Il che significa che «affinché la violenza sia definibile come tortura, deve essere perpetrata due volte. In base alla nuova formulazione, quindi, un unico atto di violenza, nei confronti di una sola persona, non costituisce tortura».

 

PROVVEDIMENTO SPARITO.

Per Gonnella si tratta di un escamotage: «È un modo per bloccare la discussione parlamentare e per consentire l'impunità della tortura qualora la legge venisse definitivamente approvata».

Tant'è che il provvedimento «è scomparso dall'ordine del giorno della commissione Giustizia» a Palazzo Madama.

 

«Renzi sui diritti civili è il vice di Alfano»

 

Chi non intende mollare, però, sono le vittime delle torture alla scuola Diaz e alla caserma di Bolzaneto.

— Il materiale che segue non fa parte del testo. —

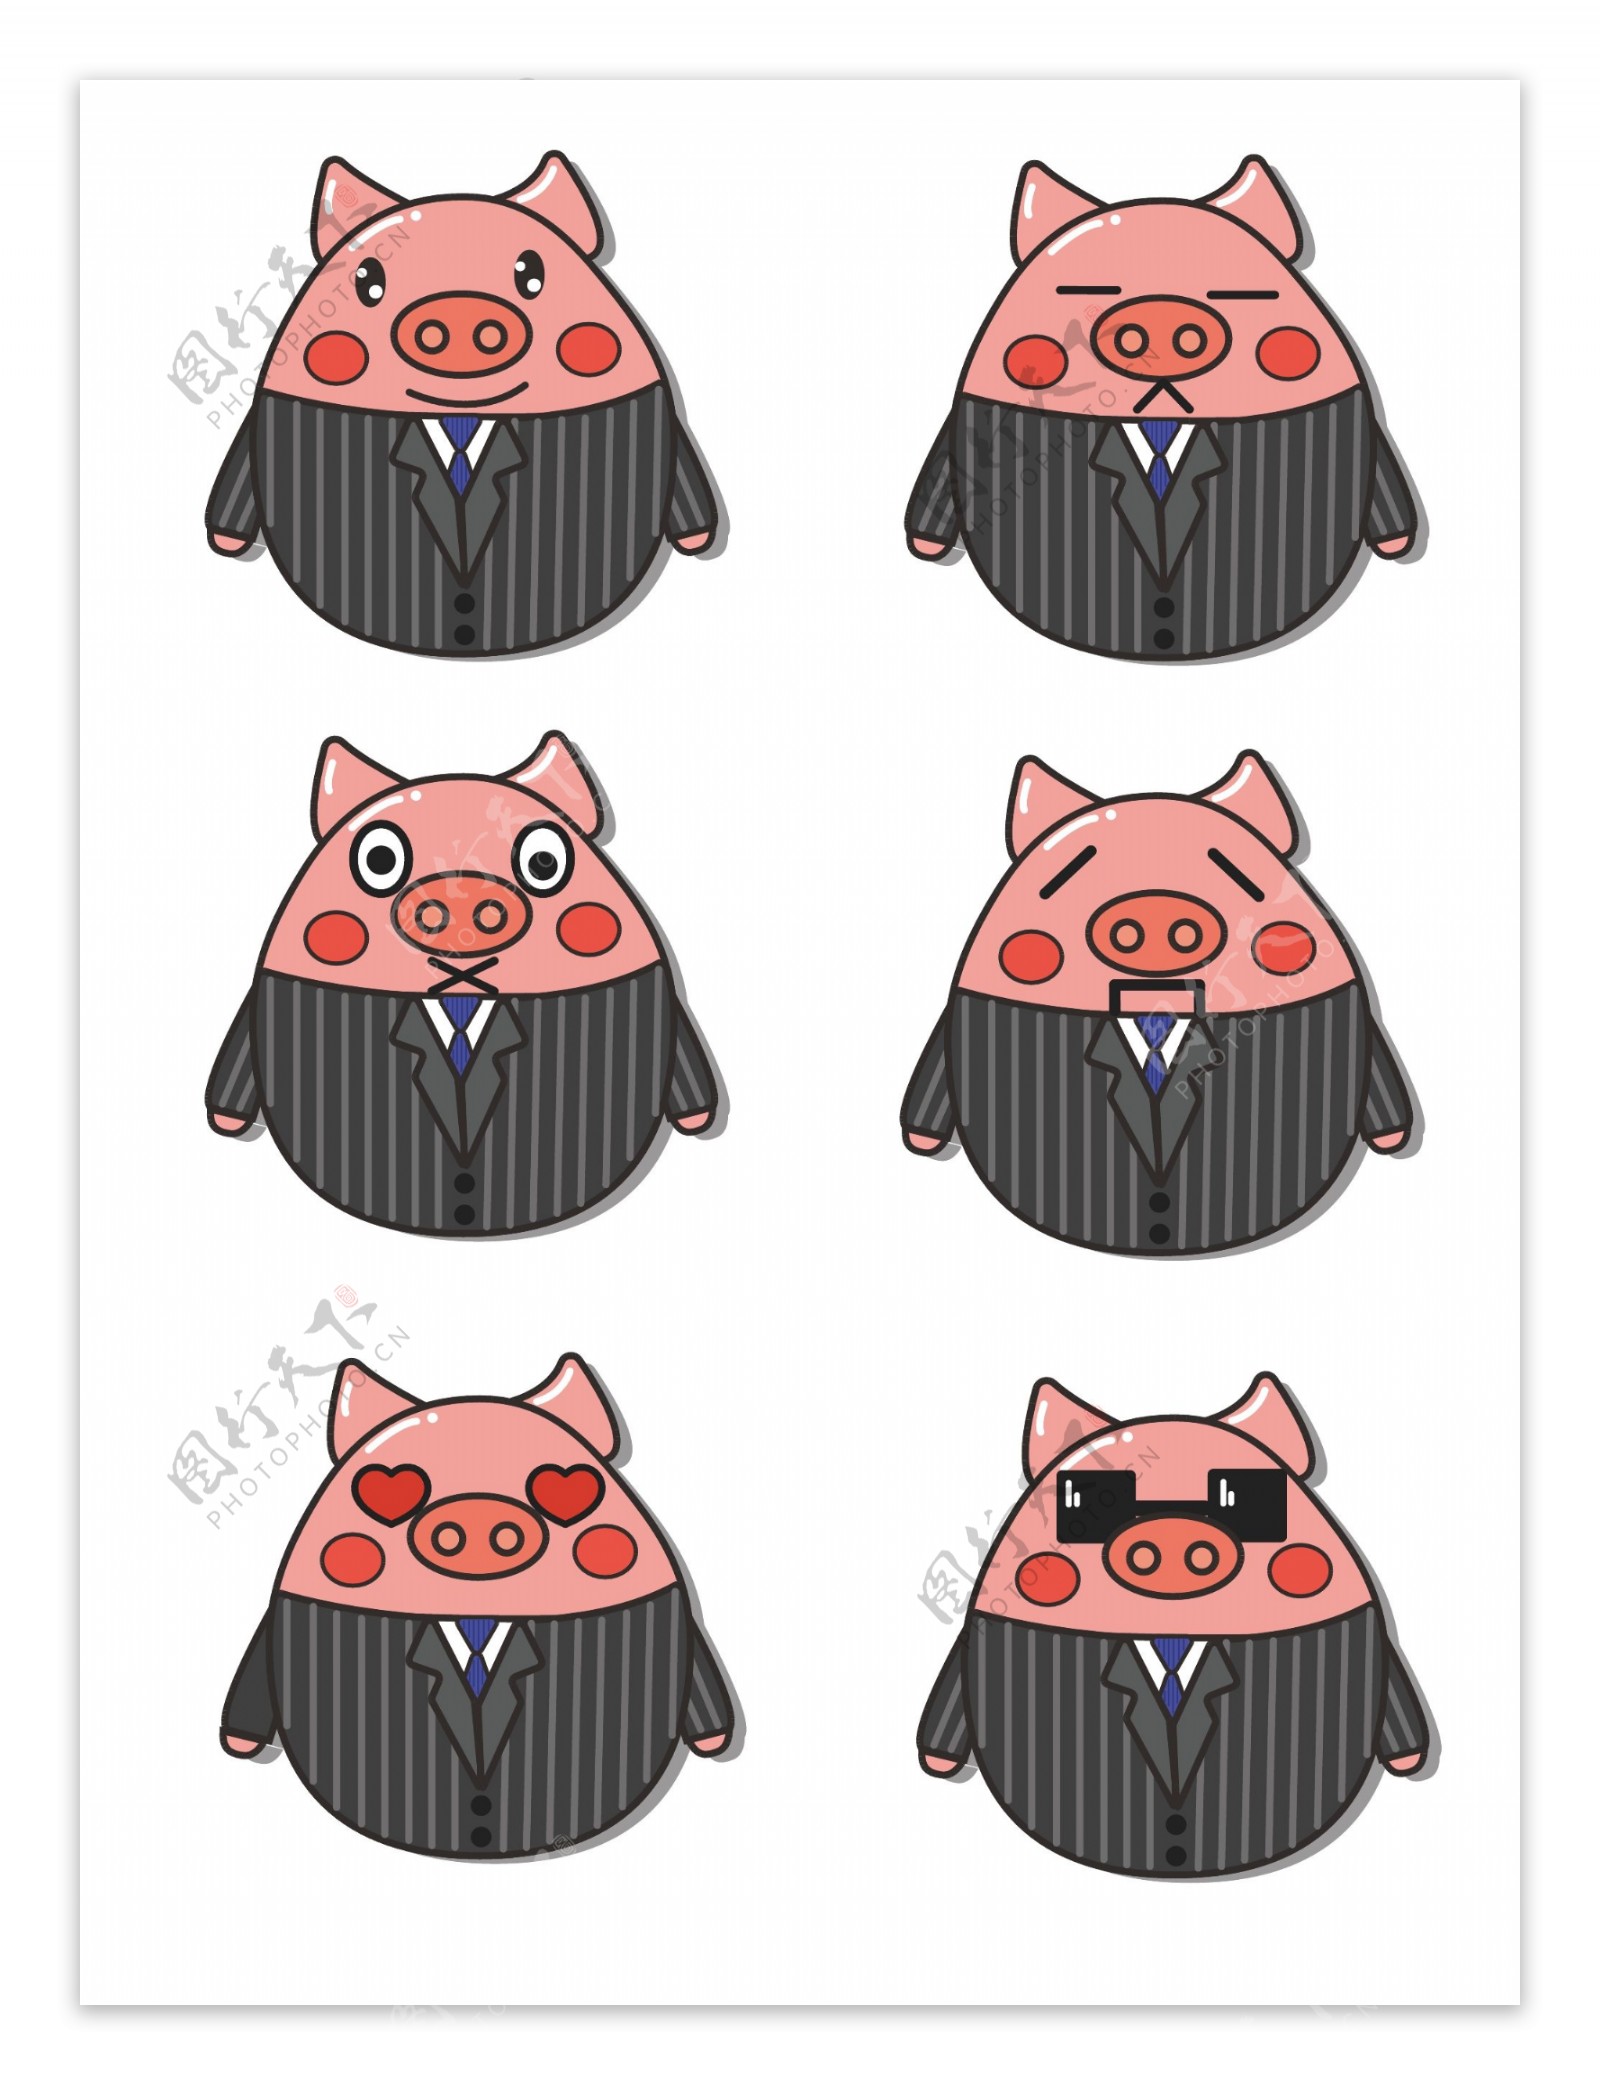 办公猪表情包可商用元素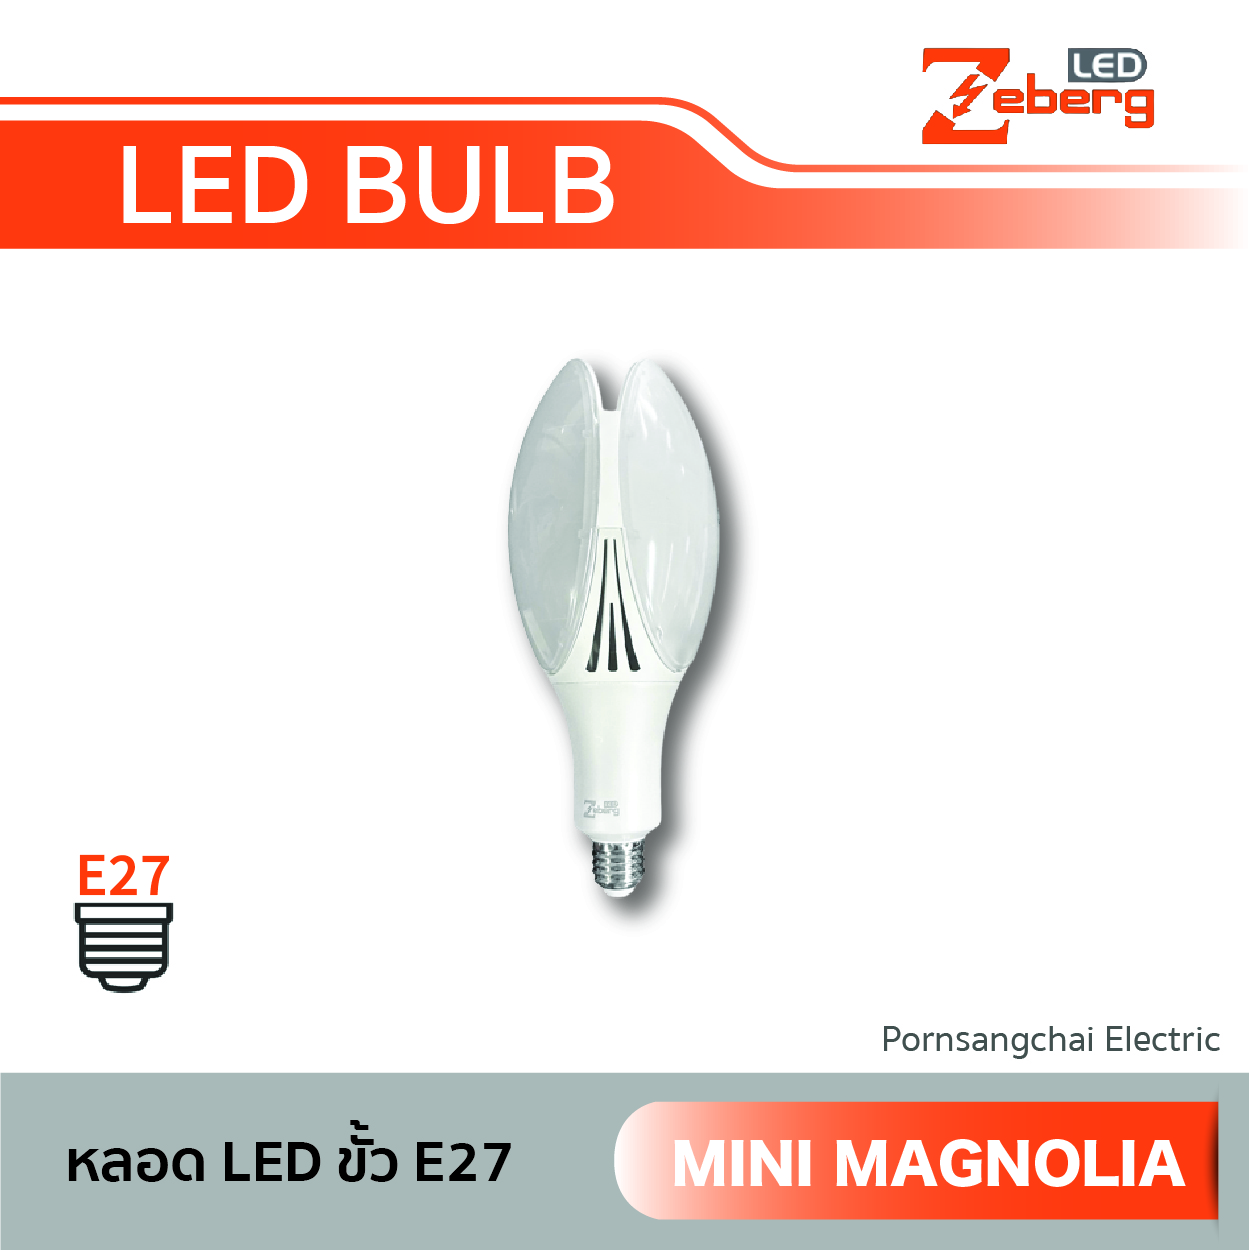 ZEBERG LED Bulb E27 Mini Magnolia

«È molto probabile che l'Italia venga nuovamente condannata. Sappiamo già con certezza che alcuni dei ricorrenti rifiuteranno la proposta di conciliazione per le violenze commesse a loro danno».

 

PETIZIONE ONLINE.

Un gesto coraggioso, che impedirà alle forze politiche di nascondere il tema sotto il tappeto: «Antigone, anche attraverso una petizione sul sito Change.org che ha raccolto finora più di 53 mila firme, chiede al presidente del Consiglio Matteo Renzi di uscire alla scoperto una seconda volta».

Perché «non è possibile che il governo, sui temi che riguardano i diritti dei cittadini, diventi ostaggio del Nuovo centrodestra. Cosa vuole fare Renzi, vuole diventare il vice di Alfano?».

 

«TORTURA INUTILE CON I TERRORISTI».

L'introduzione del reato di tortura, così come la cancellazione del reato di immigrazione clandestina, non può essere sacrificata in nome della «ricerca del consenso».

E l'emergenza terrorismo non può essere considerata un valido argomento: «La giurisprudenza e la storia hanno dimostrato l'inutilità della tortura in questi casi. La prigione di Abu Ghraib non ha sconfitto il terrore e sotto tortura non si dice la verità, ma qualsiasi cosa serva a far cessare il tormento».